Die Slowaken indes -- seit 1993 von den Tschechen getrennt -- tun sich schwerer mit ihrem poppigen Erbe. Den Altkommunisten ist Warhol als kapitalistischer Künstler suspekt. Die ostslowakischen Verwandten haben Mühe mit der Homosexualität des Künstlers. Die Ruthenen berufen sich vor allem auf die ruthenischen Wurzeln von Warhol. Alles in allem ist Warhols Kunst daher noch nicht heimisch geworden in der Heimat seiner Eltern. Laut Bycko haben die politisch Verantwortlichen in Medzilaborce die Bedeutung des Museums als Wirtschaftsfaktor nie begriffen. Aber ist es nicht auch ein bißchen viel verlangt, Geld für moderne Kunst zu fordern, bei 30 Prozent Arbeitslosen? "Gerade weil es hier in der Region nichts anderes gibt, keinen guten Boden, kein Naturereignis und keine anderen historischen Denkmäler, müßte das Museum als Motor für einen Aufschwung begriffen werden", fordert Bycko. "Andernorts wäre man glücklich, so eine Attraktion zu haben. Aber hier muß das Museum der Stadt Geld zahlen", kritisiert er.

Aus dem Kurator Bycko wird indes mehr und mehr ein Hausmeister und Installateur. Jetzt will er dazu übergehen, nur noch Teile des Gebäudes zu nutzen. Erwägt werde inzwischen auch, das Museum an einen anderen Ort zu transferieren, läßt er wissen. Um zusätzliches Geld einzunehmen und Warhol bei den Slowaken populärer zu machen, werden Teile der Sammlung jetzt auf Wanderschaft quer durch die Museen und Galerien des Landes geschickt.

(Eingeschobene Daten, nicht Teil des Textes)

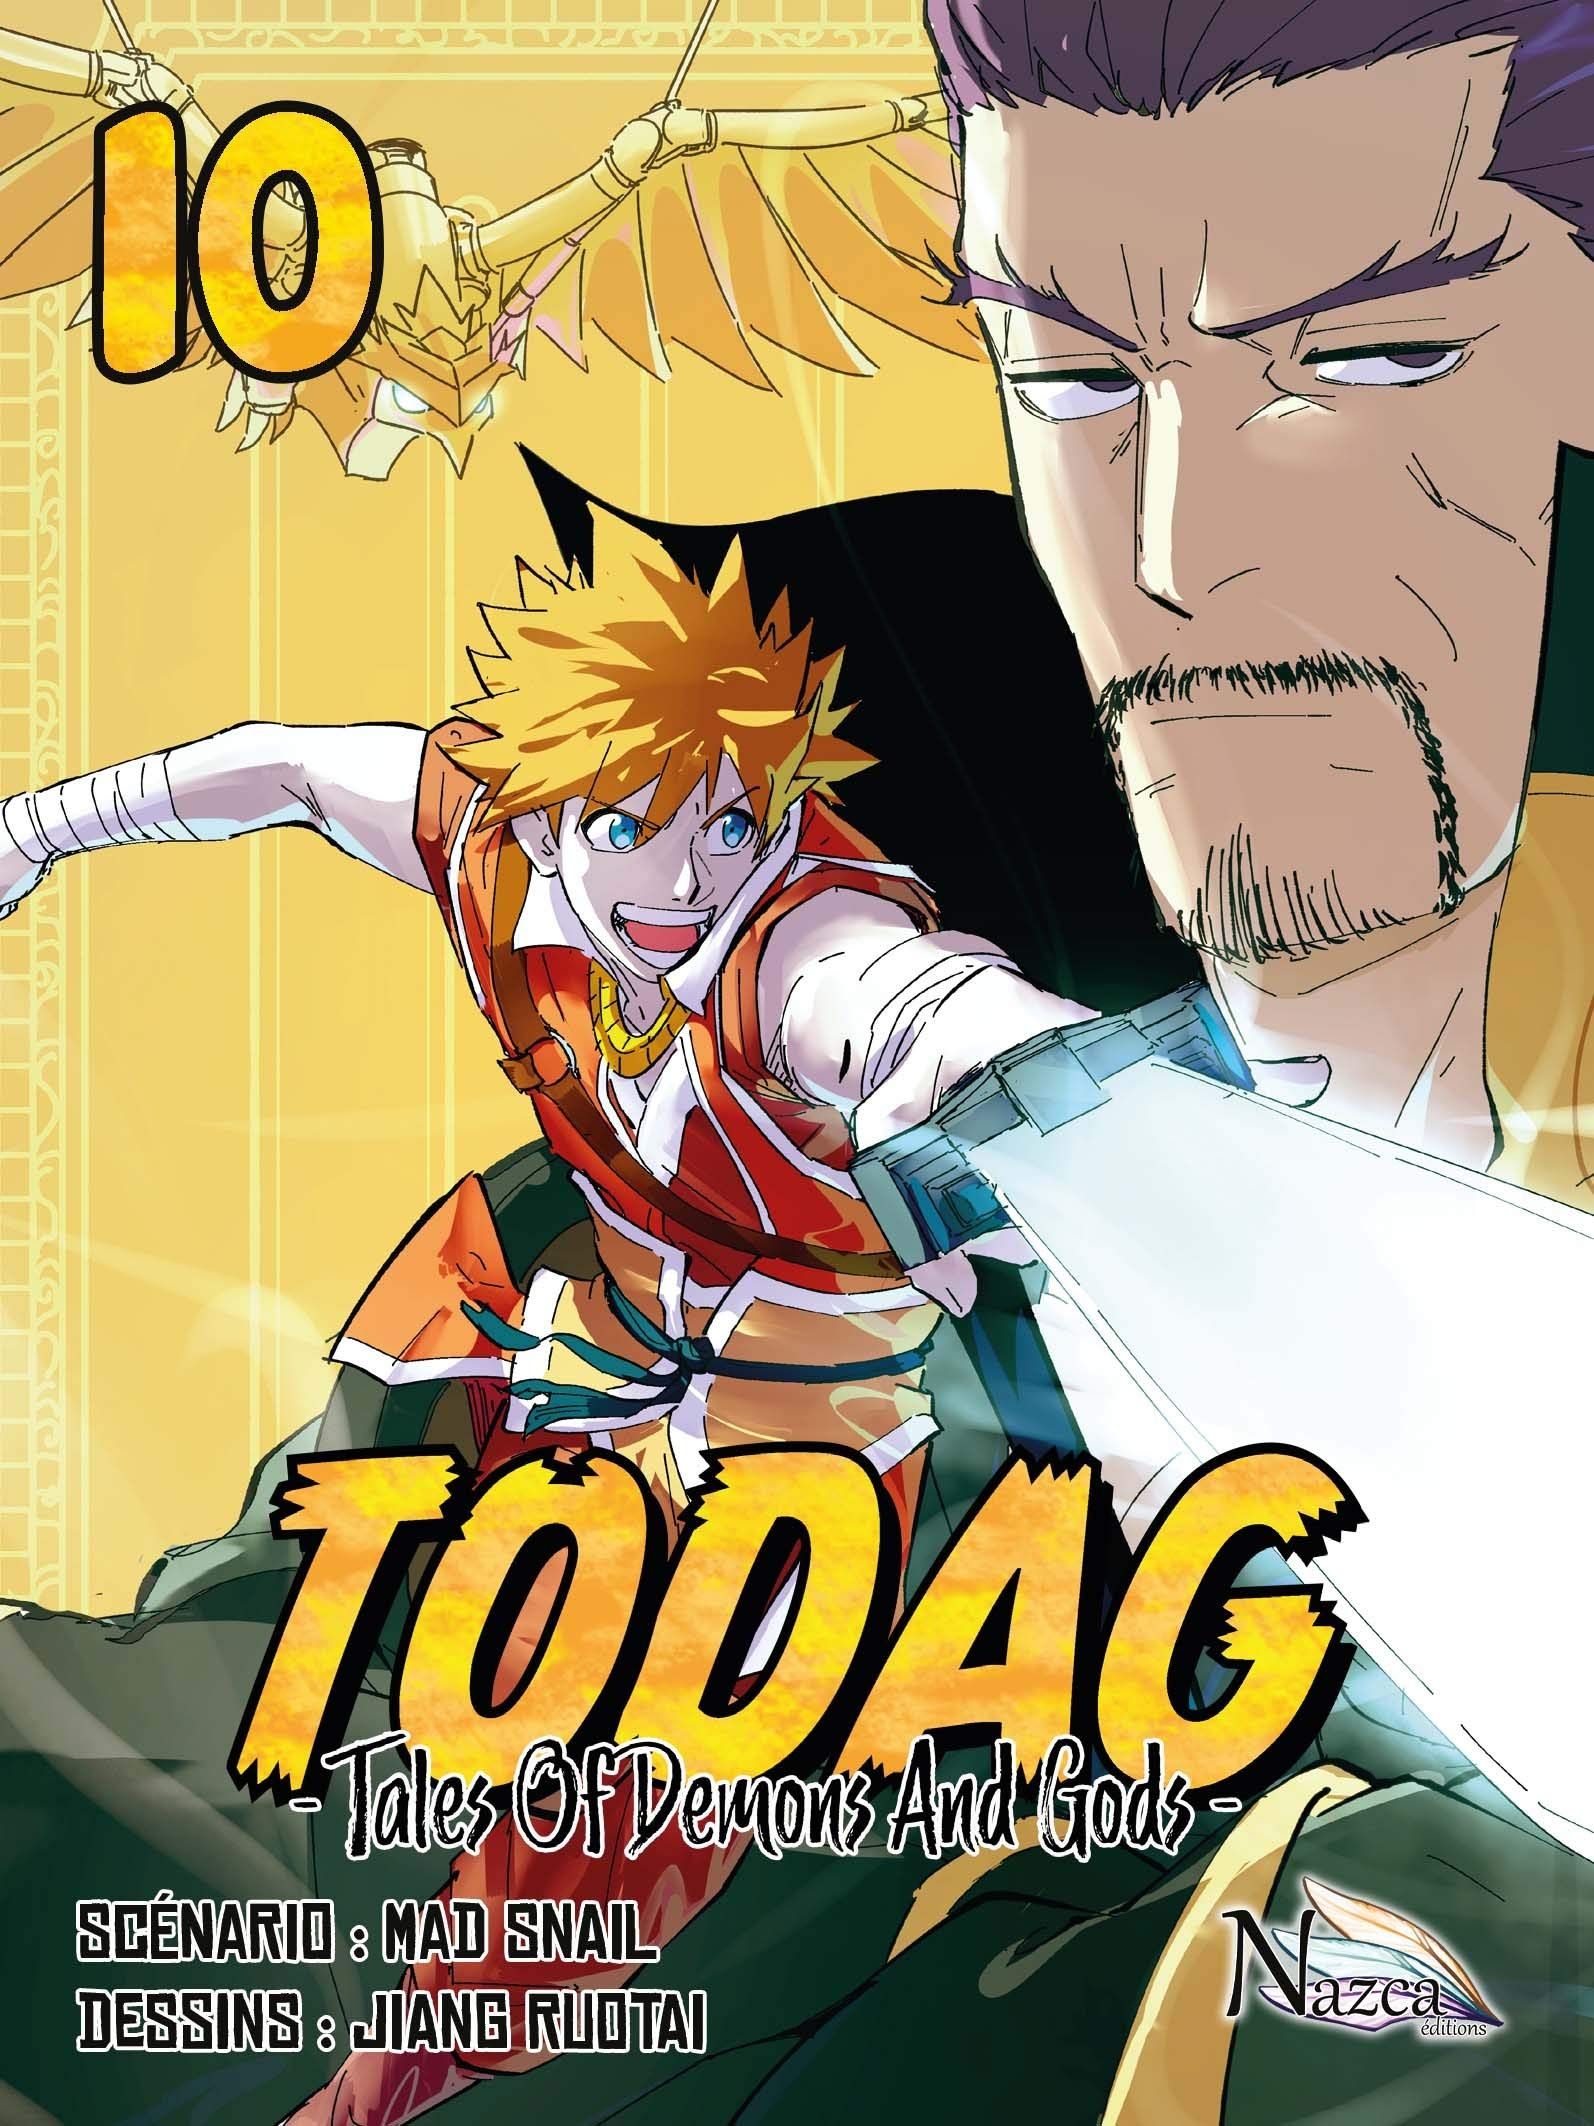 TODAG - Tales of Demons and Gods Vol.10

Ohnehin legt die jetzige Direktorin Valika Madarova anders als ihre Vorgängerin Natasa Hrisenkova ihr Augenmerk weniger auf Warhols Kunst als auf die Familienbeziehungen. An Andy Warhols Geburtstag Anfang August werde es in Mikova, dem Geburtsort der Eltern, ein kleines Festival geben, erklärt sie. Ob man auch im September zum 10-jährigen Bestehen des Museums etwas plane, sei derzeit noch ungewiß. Immerhin: Andy lebt. In Medzilaborze aber nur mehr ein bißchen. Vielleicht täte anläßlich des 10-jährigen Bestehens ein neuerlicher Sonderzug von Pop-art Enthusiasten nach Medzilaborce not.